# The Star of base metals in 2007



## BREND (1 July 2007)

Little known to many people, the lead that is used in car batteries is classified as part of the base metal family in the metal industry; And it is likely that Lead price will be the top investment in the metal family this year.

Lead is a metal that has one of the lowest inventory level among the base metal family, and that inventory is still falling; at the same time demand is still strong.

Lastest news about Lead is that China may slash export of Lead by more than half after the government imposed a tax on overseas sales, thereby worsen global shortage:

According to The International Lead and Zinc Study Group, this year's shortage of lead will be over 50,000 tons. Global demand will rise by 4.1% to 8.26 million tons, with China's usage increasing 12.4%, mainly because of the expanding car ownership.

China's economy has grown by an average of about 9.5% a year for the past decade, making vehicle ownership affordable for more people. The country's vehicle sales increased 25% last year to 7.22mil units, surpassing Japan as the world's second-largest auto market.

Lead is a poisonous substance, exploration of lead by miners is difficult and slow due to environmental issues. Reduced shipments from China, where demand for the metal is growing because of increased vehicle sales and production, may boost prices further. I do forsee that Lead price rising to $3000/mt in the future. 

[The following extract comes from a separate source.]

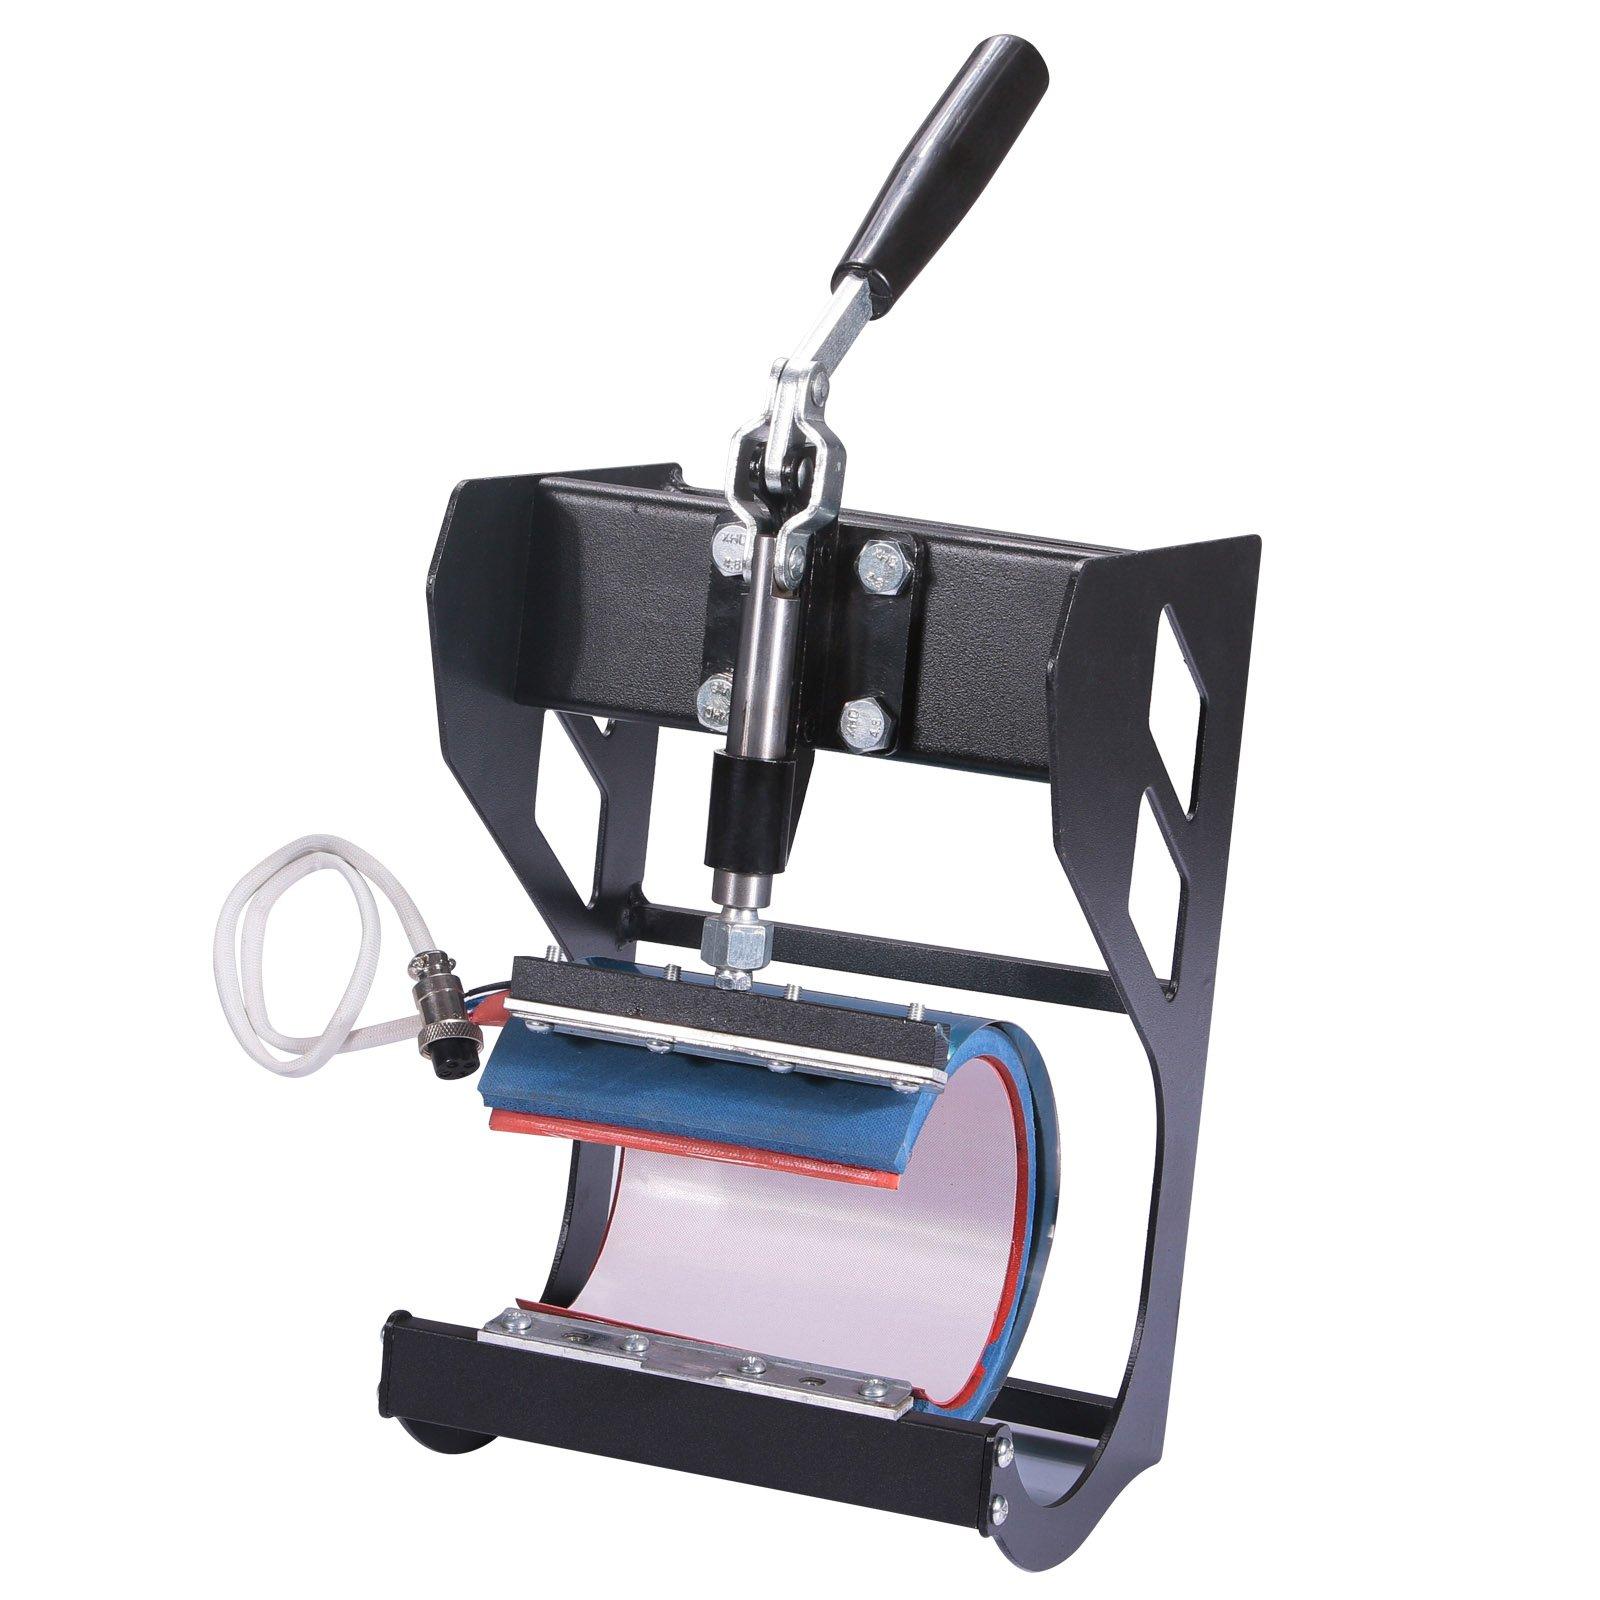 Buy Heat Press Machine Uk

Lead futures is a leveraged product, about 13 times. So if Lead price really rises to $3000/mth as per my prediction, this is 12% upside; and due to 13 times leverage effect, the end result will be 12% x 13 = 156% return. Margin required for 1 lot of Lead futures is USD4,500.

For the Lead chart, look at: http://basemetal-trading.blogspot.com/2007/06/super-bull-run-for-lead.html


----------



## michael_selway (1 July 2007)

*Re: The Star of Base metal in 2007*



BREND said:


> Little known to many people, the lead that is used in car batteries is classified as part of the base metal family in the metal industry; And it is likely that Lead price will be the top investment in the metal family this year.
> 
> Lead is a metal that has one of the lowest inventory level among the base metal family, and that inventory is still falling; at the same time demand is still strong.
> 
> ...




well in hindsight yes, thanks

Btw do u think Zinc will do a lead? i.e. has dropped from its high but will surpass it strongly with good fundamentals?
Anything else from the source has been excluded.